12. 1 kinds of manufacture methods with micro-resistive element of flexible material layer, is characterized in that, comprise:

The flexible material layer and a resistive layer that are directly bonded with each other are provided;

Be arranged on by one metal level on this flexible material layer, this metal level and electrode layer insulate;

One second protective layer is formed on this metal level; And

Be formed at by one electrode layer below this resistive layer, this electrode layer has the first electrode section and the second electrode section that are separated from each other;

Wherein, this flexible material thickness is between 12 ~ 45 μm.

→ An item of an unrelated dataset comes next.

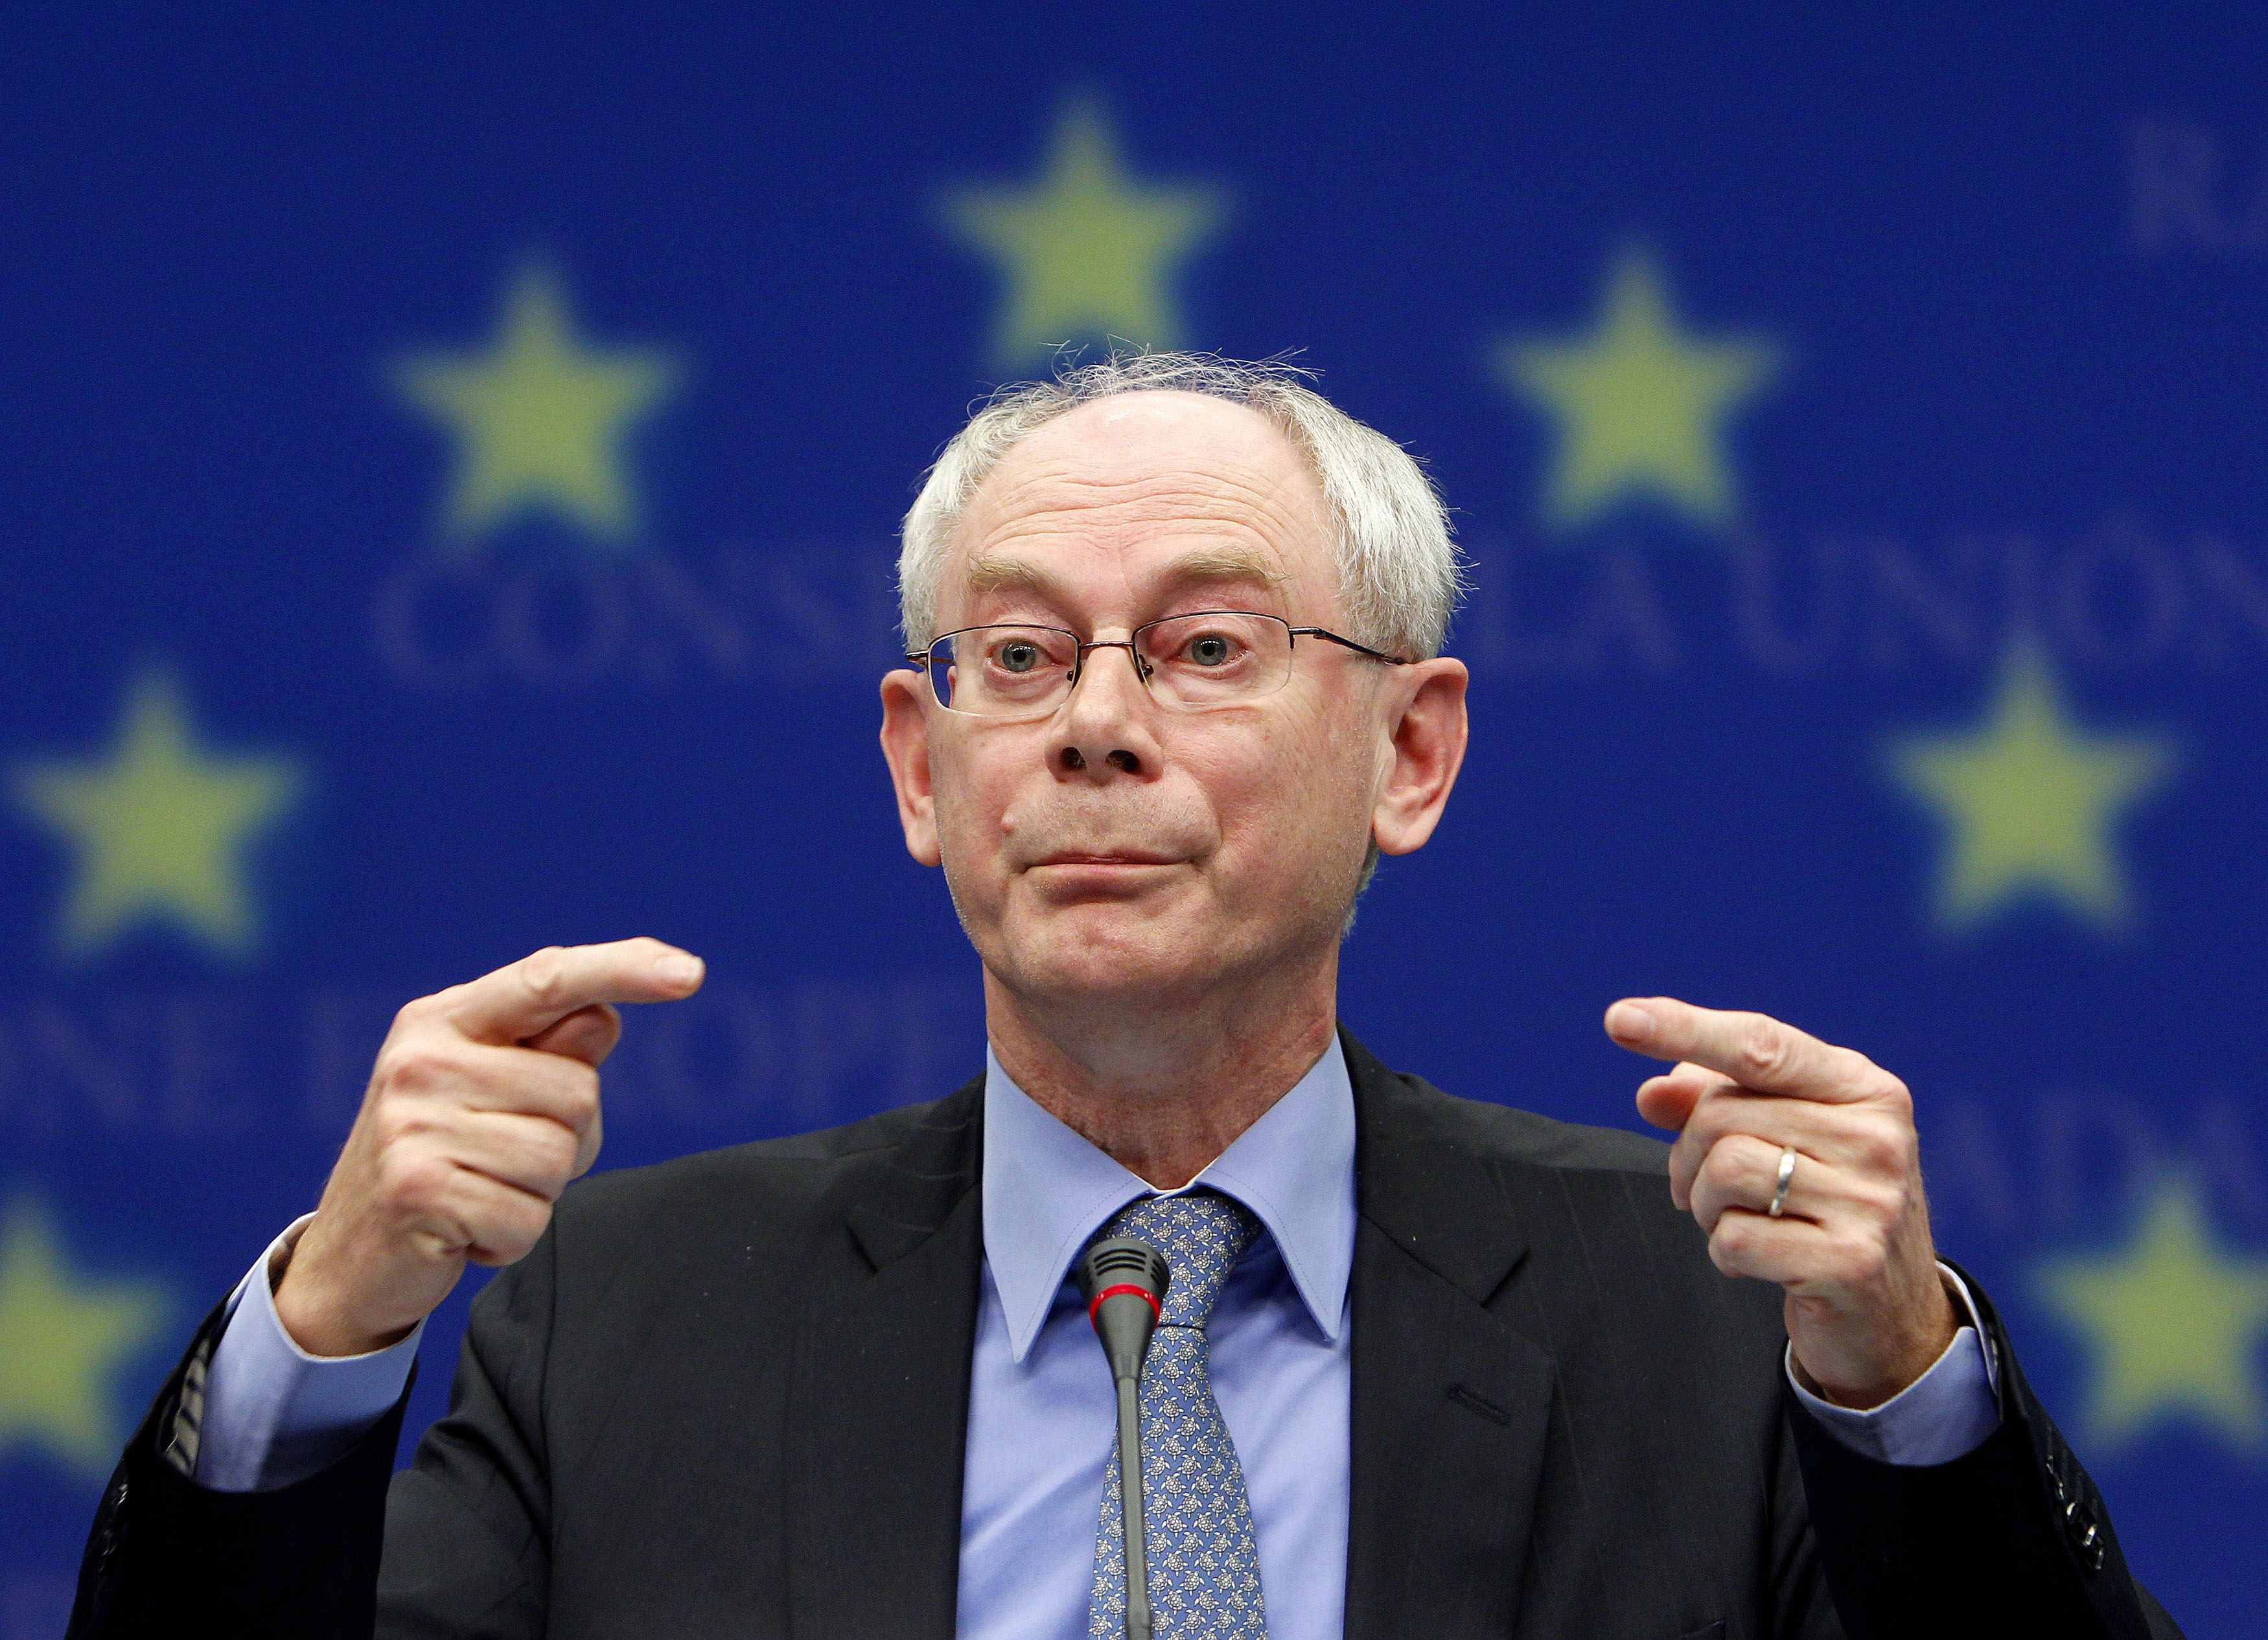 <b>Βρυξέλλες </b>Αυστηρές κυρώσεις για τους παραβάτες της Ευρωζώνης θα ζητήσει αύριο η Γερμανία

13. manufacture methods as claimed in claim 12 with micro-resistive element of flexible material layer, is characterized in that, this flexible material layer utilizes printing or coating to be directly formed on this resistive layer and obtains through overcure.

14. manufacture methods as claimed in claim 12 with micro-resistive element of flexible material layer, it is characterized in that, this resistive layer is formed on flexible material layer with thick-film technique or thin-film technique.

15. manufacture methods as claimed in claim 12 with micro-resistive element of flexible material layer, it is characterized in that, the material of this flexible material layer is polyimides or polyethylene terephthalate.